I am told a matrix A has characteristic polynomial: $(\lambda−1)^3(a\lambda+\lambda^2+b),$ and that $\text {tr}(A)=12,$ and $\det(A) =14.$
I am asked to find the eigenvalues.
Is the only to do this by simply using the fact that the sum of the eigenvalues is the trace, and the product is the determinant?
I had done so, and had gotten that the eigenvalues are 1, 2 and 7, (1 with multiplicity 3), which was correct.
I am asking because won't the number of eigenvalues have to be less than the number of rows and columns of the matrix? What if, if given different trace and determinant values, I somehow found eigenvalues which satisfied the trace and determinant given, but had a number of eigenvalues that exceeded the number of columns and rows of the matrix?
Also, I was not given the dimensions of the matrix A.
Answer
I hope I understand everything you said.
- The degree of your characteristic polynomial is 5. Therefore, the matrix it is coming from is $5 \times 5$.
- An $n \times n$ matrix has $n$ (complex) eigenvalues (counting multiplicities). That's called the fundamental theorem of algebra.

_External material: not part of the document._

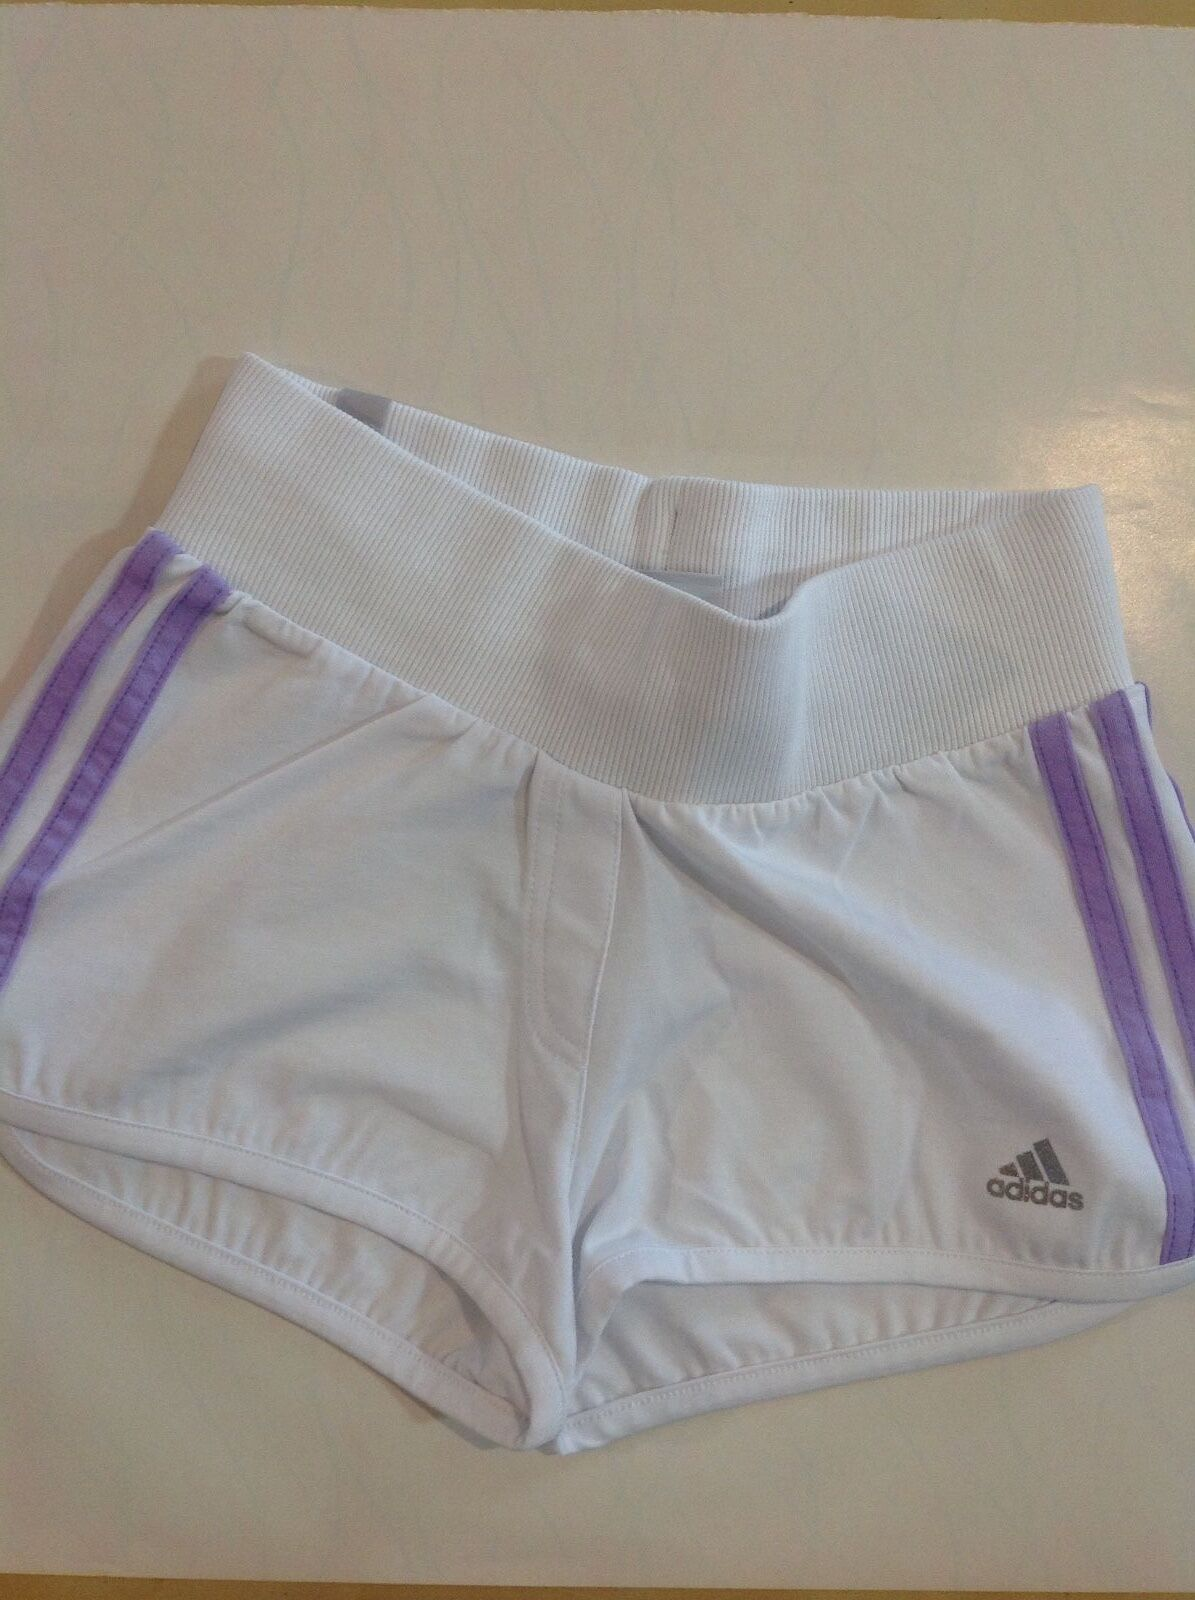 Abbigliamento sportivo donna ADIDAS Pantaloncino corto Short Bianco art.D04400

- Should the matrix be real and should you be only interested in real eigenvalues, you would see that some of the eigenvalues are conjugate from one another.

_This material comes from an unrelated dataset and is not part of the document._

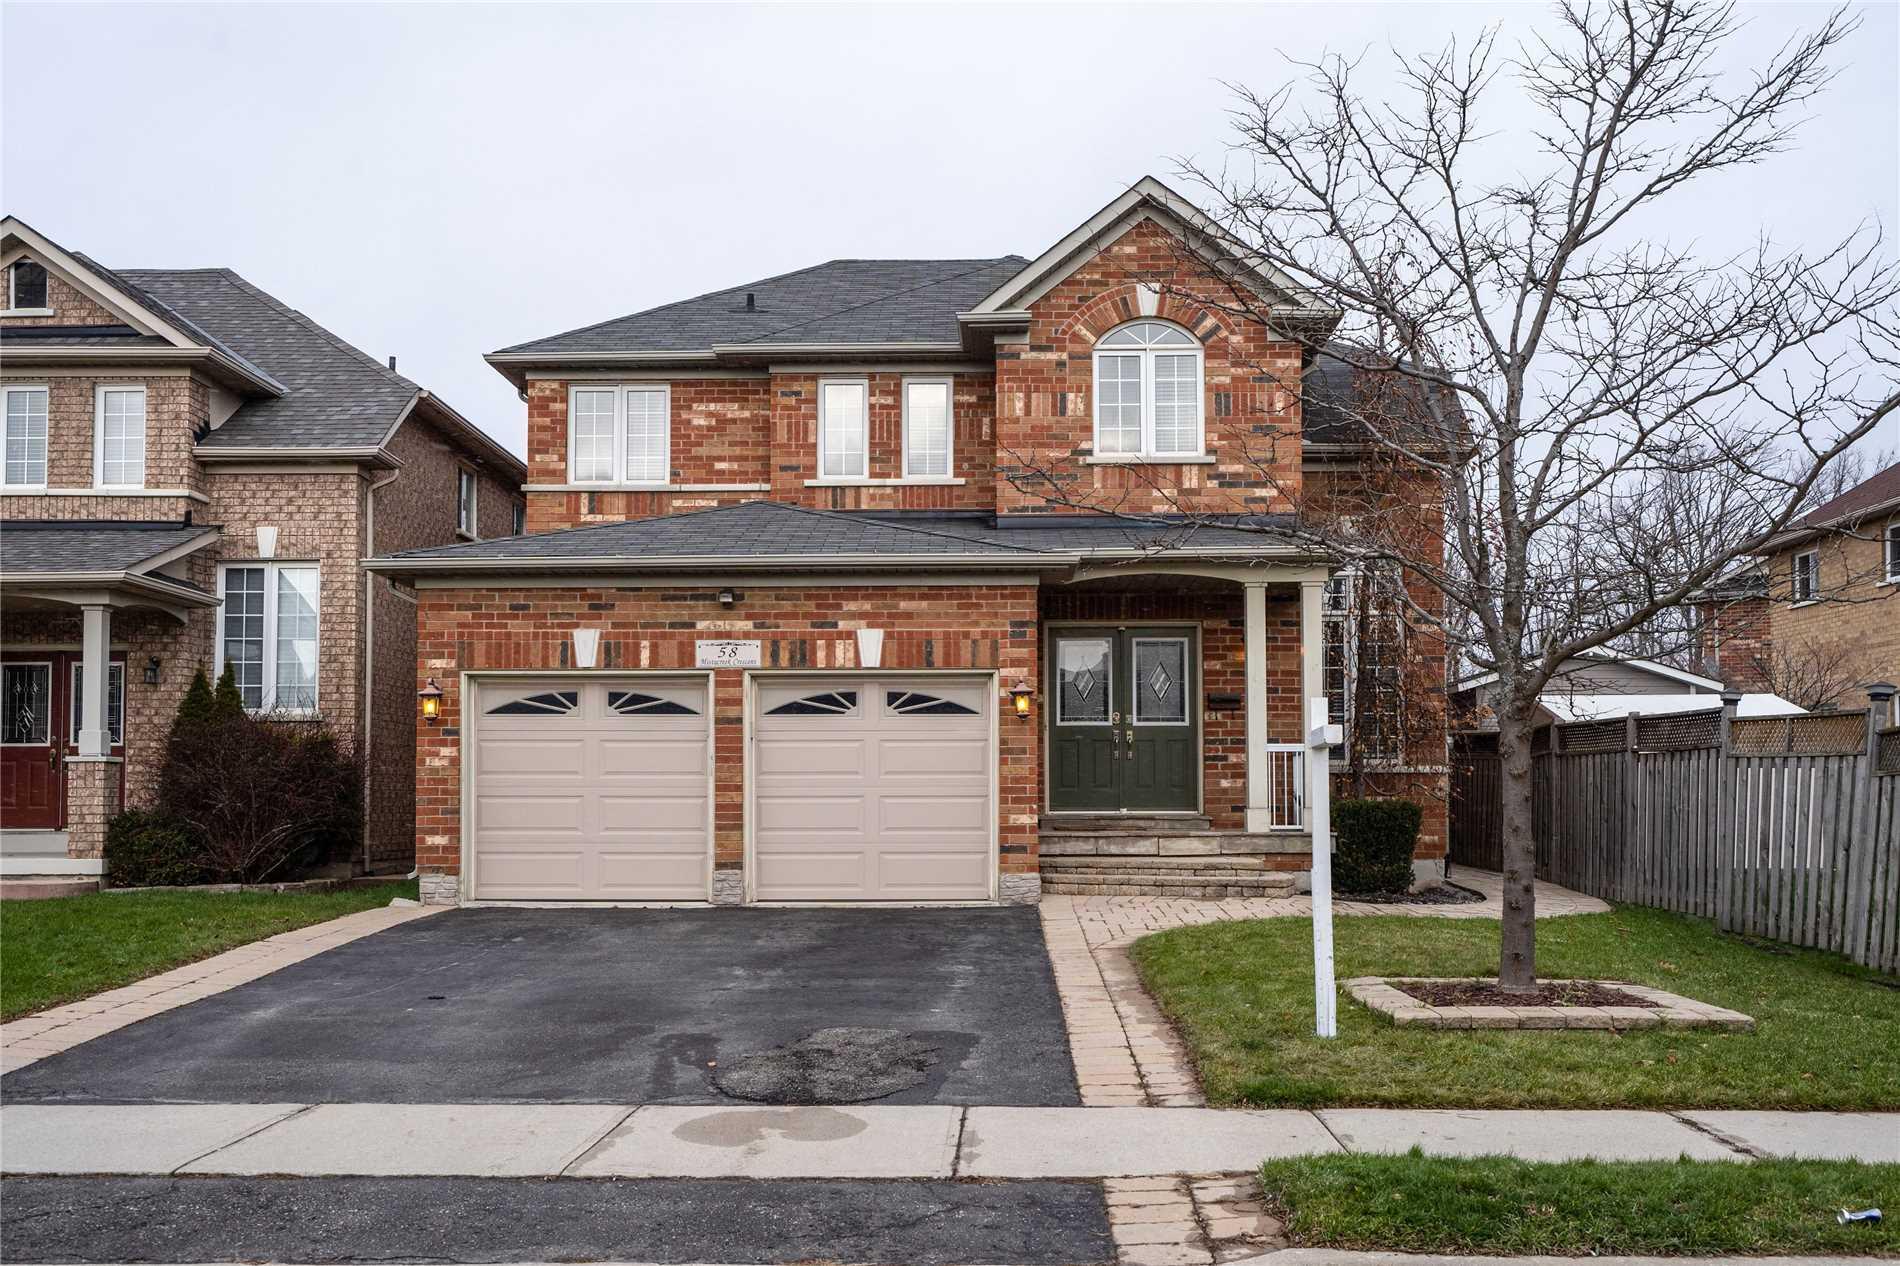 House for sale at 58 Mistycreek Crescent Brampton Ontario - MLS: W4312583

- Given that the eigenvalues are the zeros of the characteristic polynomial, and given that it is factored, you directly notice that $\lambda = 1$ is an eigenvalue with algebraic multiplicity $3$. Therefore, you only have $5-3 = 2$ remaining eigenvalues to find.
- You have two conditions (trace and determinant), i.e. two equations, and solve for two eigenvalues. This shouldn't be an issue and solvable for (almost) every pair (trace,det).